Recep Tayyip Erdogan, Turkeys Prime Minister, secured a landslide election triumph late on Sunday night, winning a second five-year term with nearly half of the national vote after being forced by veiled threats of a military overthrow to call an early ballot..
Recep Tayyip Erdogan, Turkey’s Prime Minister, secured a landslide election triumph late on Sunday night, winning a second five-year term with nearly half of the national vote after being forced by veiled threats of a military overthrow to call an early ballot.
In what was seen as the most crucial Turkish election in at least a generation, Mr Erdogan’s Justice and Development Party (AKP) won 47 per cent of the vote, giving it a majority of about 130 in the 550-seat parliament in Ankara.
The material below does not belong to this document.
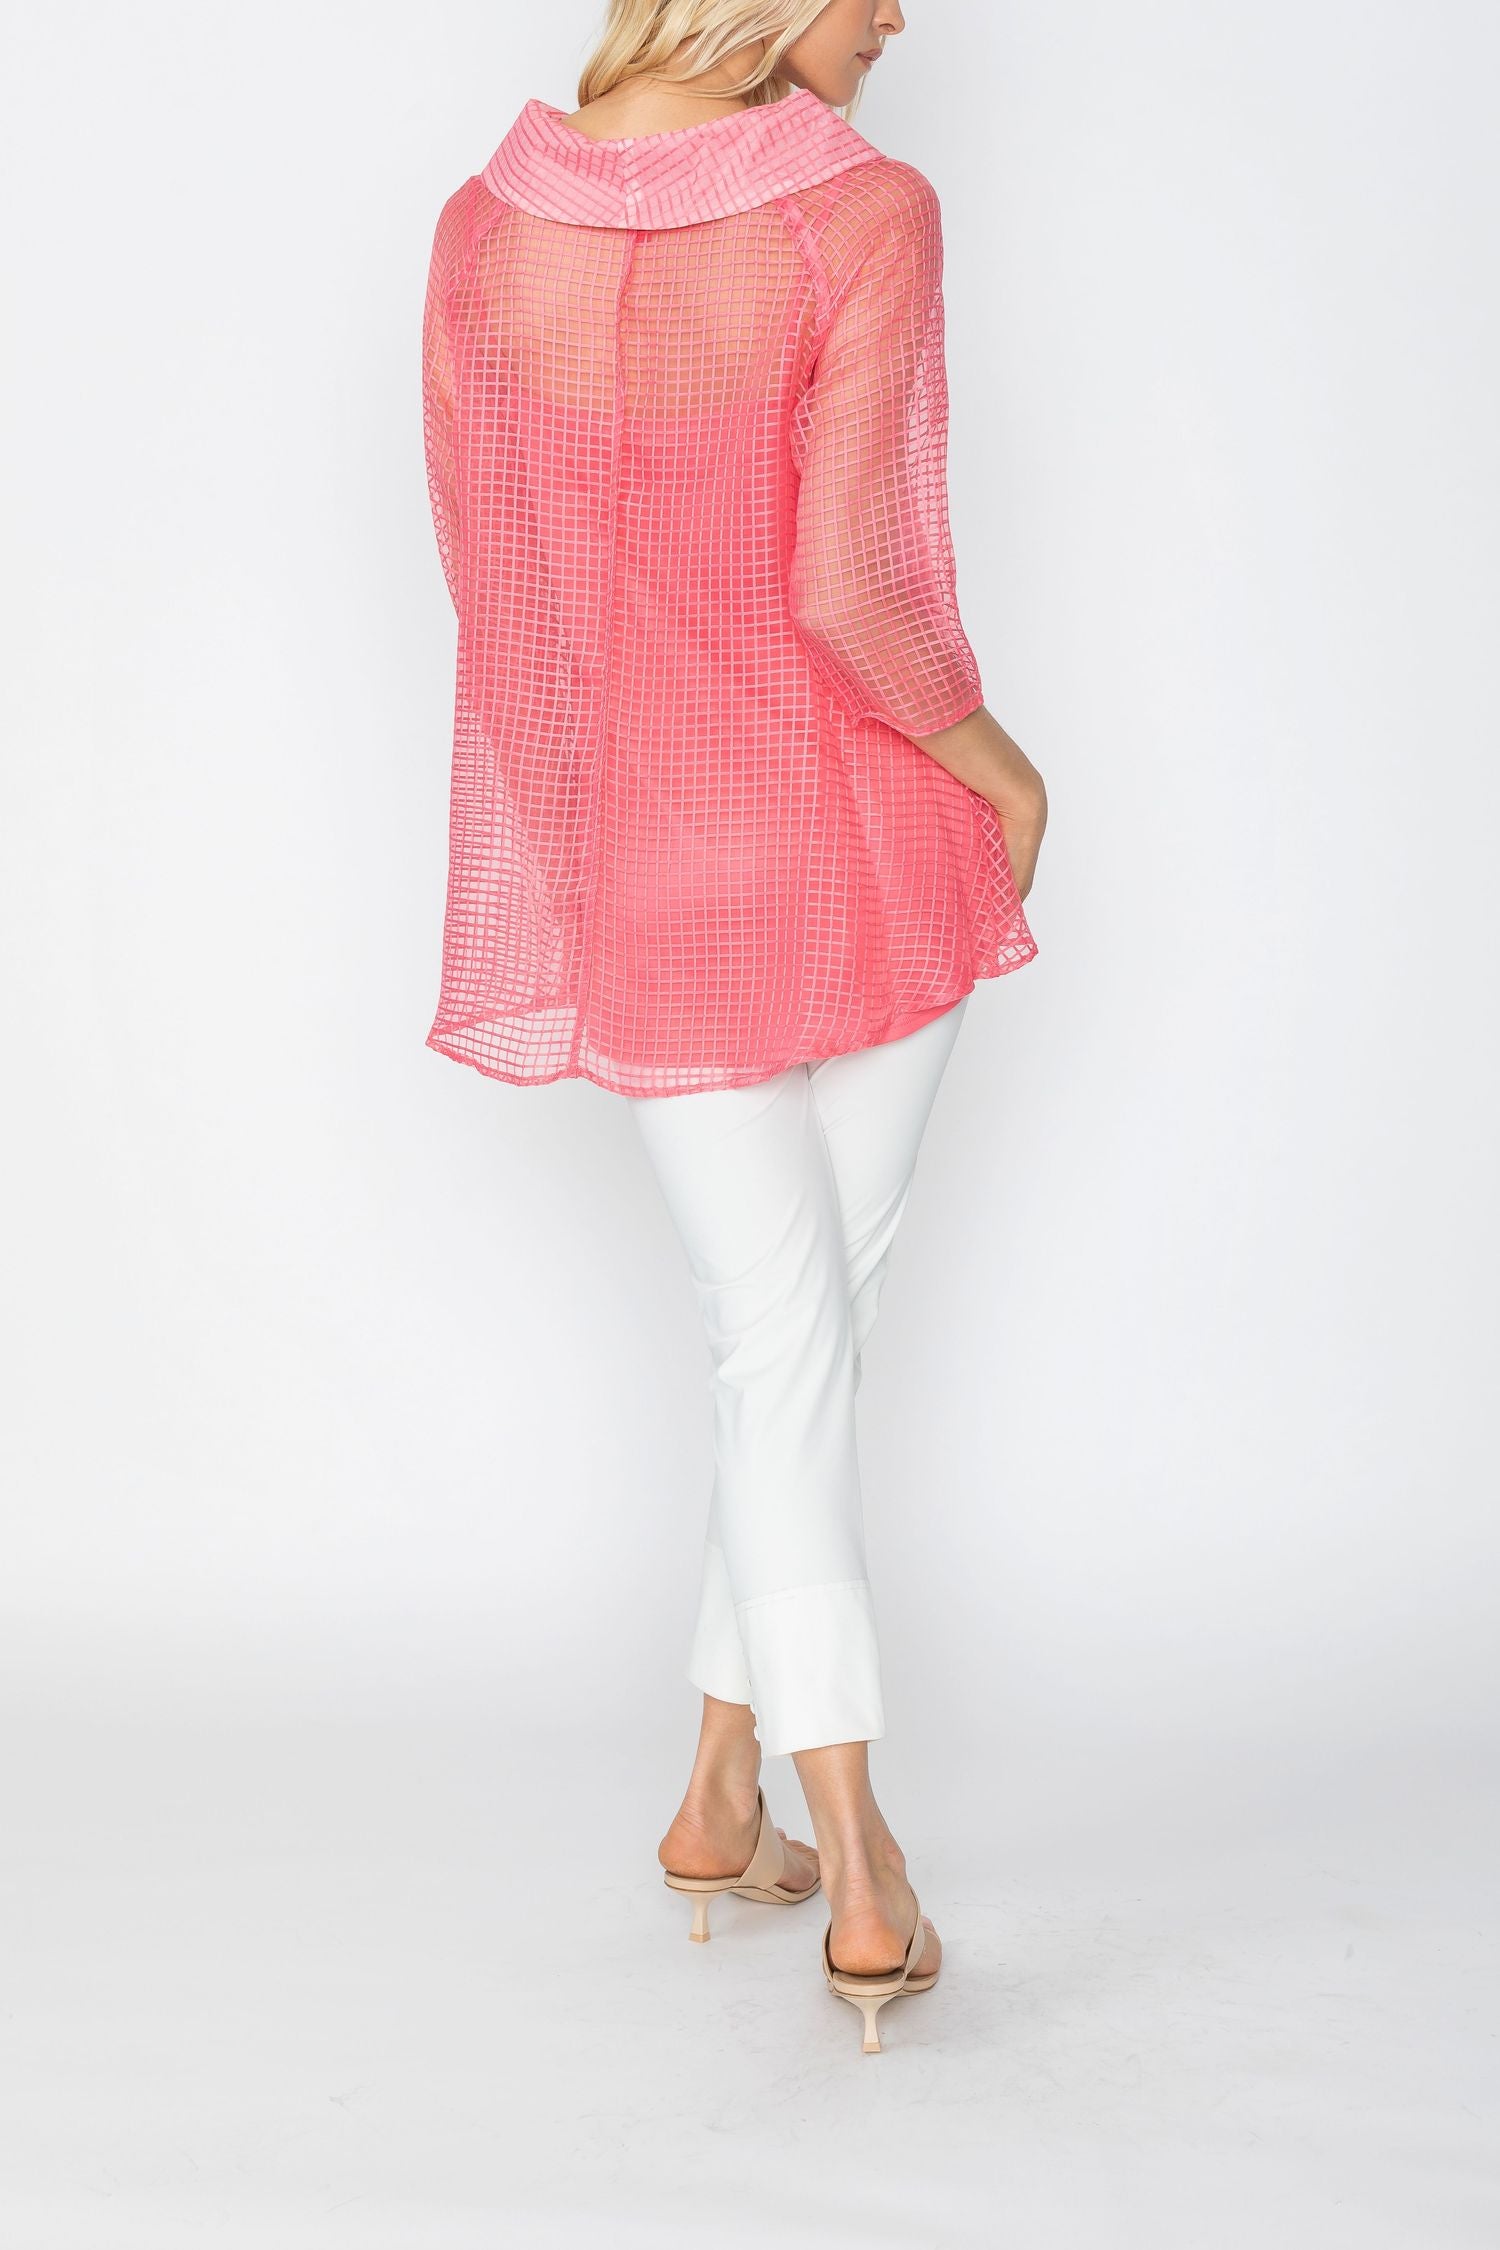 Cowl Neck 3/4 Sleeve See-Through Fabric Top
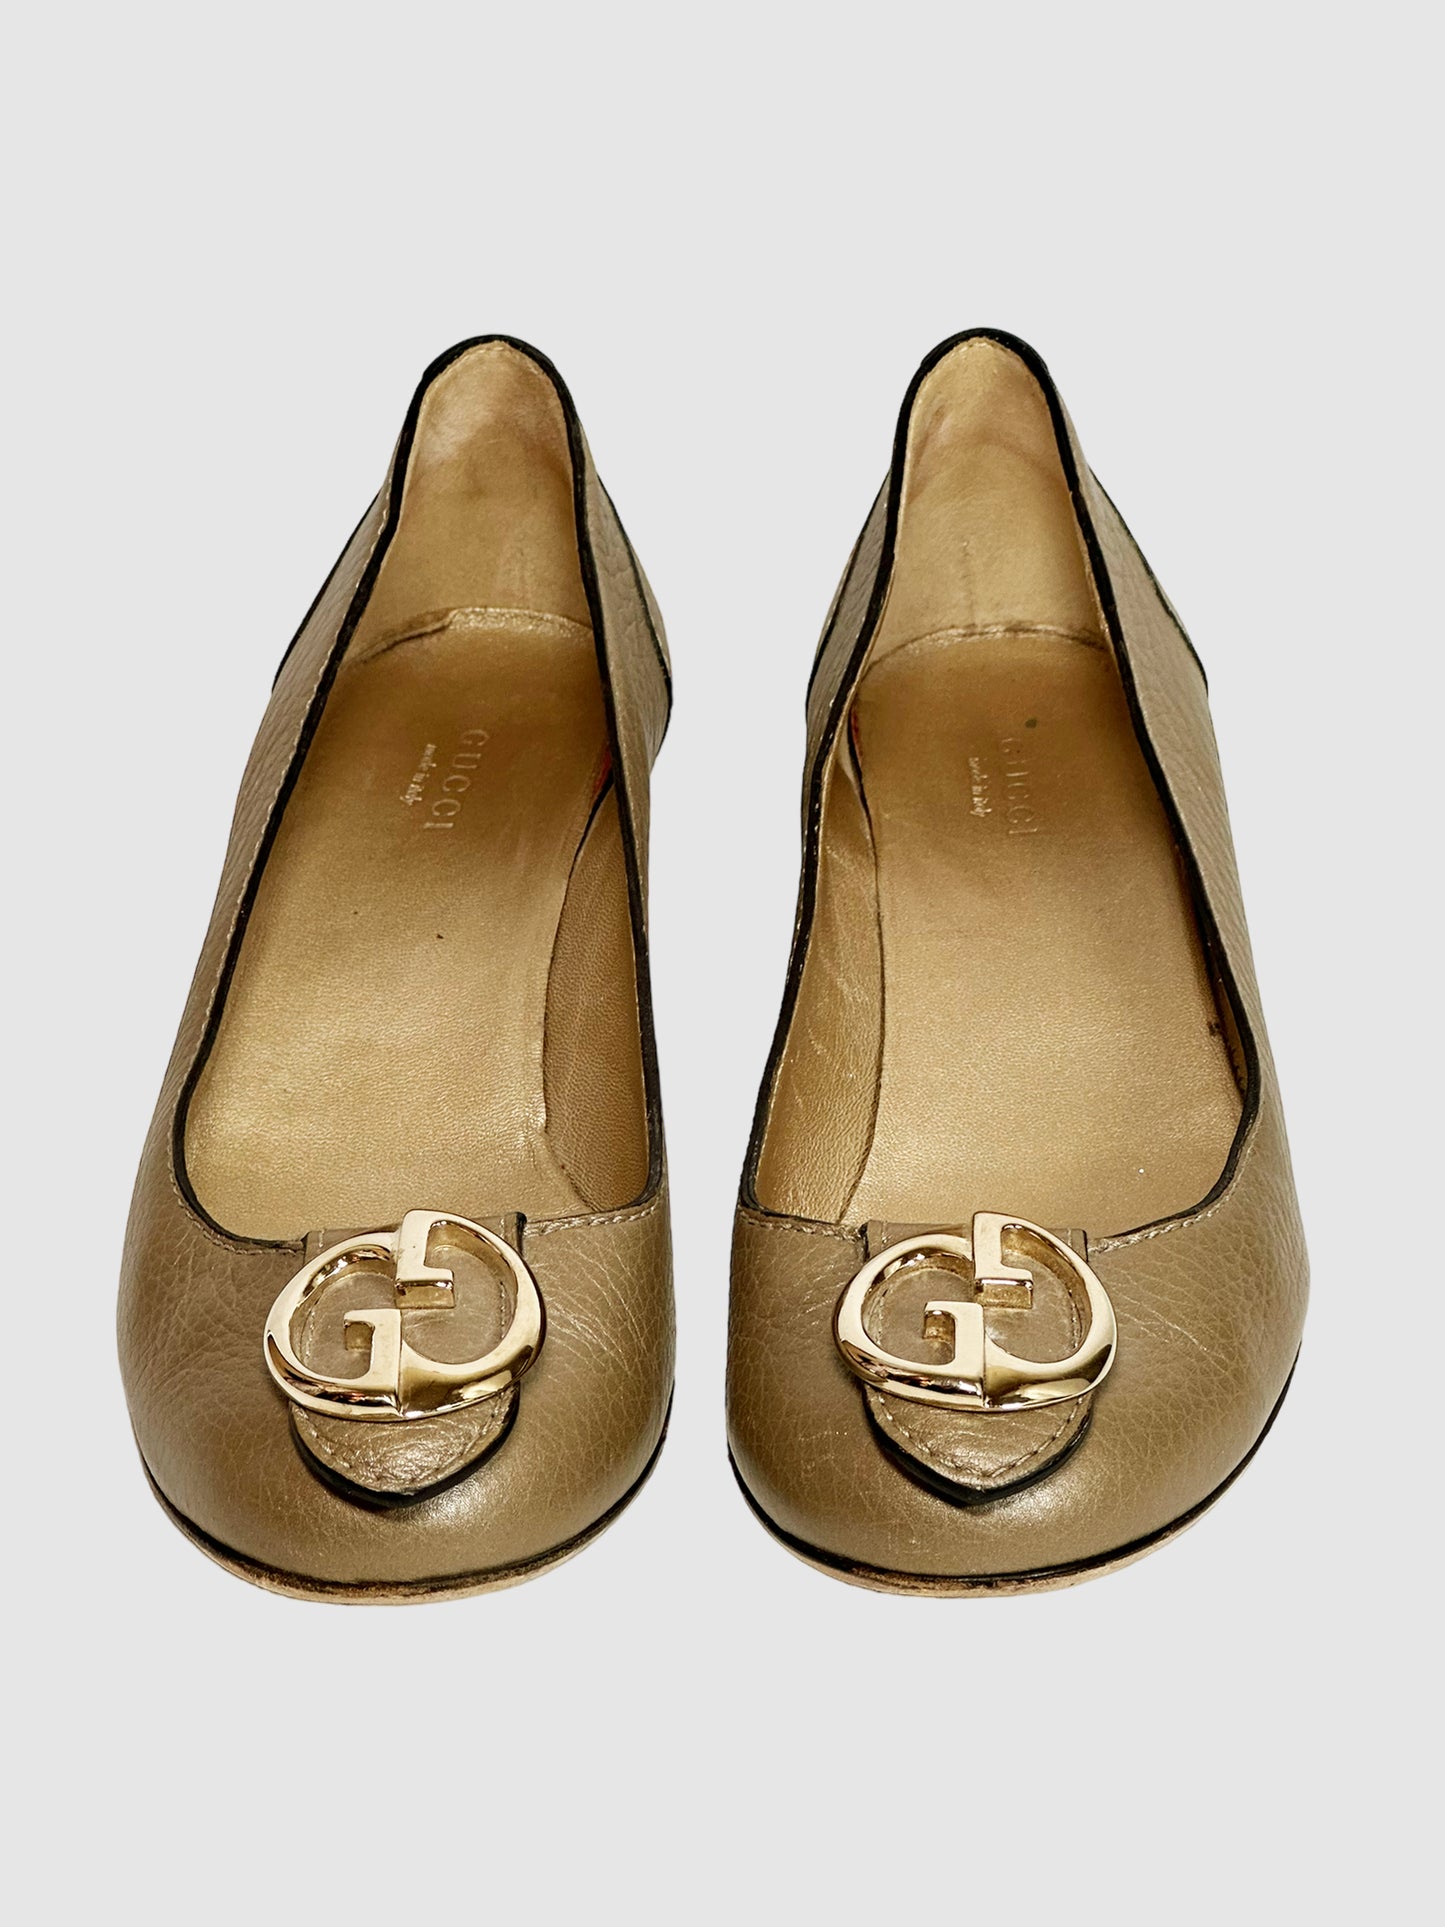 GG Buckle Leather Pumps - Size 37.5

The vote vindicated Mr Erdogan’s gamble in calling the election four months early after the military, the opposition, and the constitutional court stymied his choice of president in April. As he said in a magnanimous victory speech last night in Ankara, it was the first time in more than 50 years a Turkish governing party had been returned with a bigger share of the vote.
The AKP put on 13 per cent compared with its 2002 breakthrough.
The CHP, or Republican People’s party, came second with 21 per cent; the only other party to enter parliament, the rightwing nationalist MHP, took 14 per cent . Turks turned out in searing heat, deserting resorts on the Aegean and Mediterranean coasts to award Mr Erdogan his thumping majority.
More than 80 per cent of the electorate voted in what Mr Erdogan declared a big test for democracy — an implicit dig at the generals and their political allies, whose attempt to undermine the government ended in fiasco.
While Mr Erdogan’s parliamentary majority is more than comfortable, his seat tally fell by 22 because more parties and independents got into Parliament.
The victory set the scene for an unprecedented 10-year rule by the charismatic Prime Minister who first emerged from the conservative, religious right. Suspicion about his alleged religious agenda fuelled a vituperative campaign.
European Union (EU) membership remained a commitment, he said, challenging the growing hostility to Turkey’s EU ambitions among centre-right governments in Europe.
Mr Erdogan has been confronted by the military, the Opposition and million-strong street protests in recent weeks.
The scale of his victory shored up his government’s legitimacy both domestically and internationally.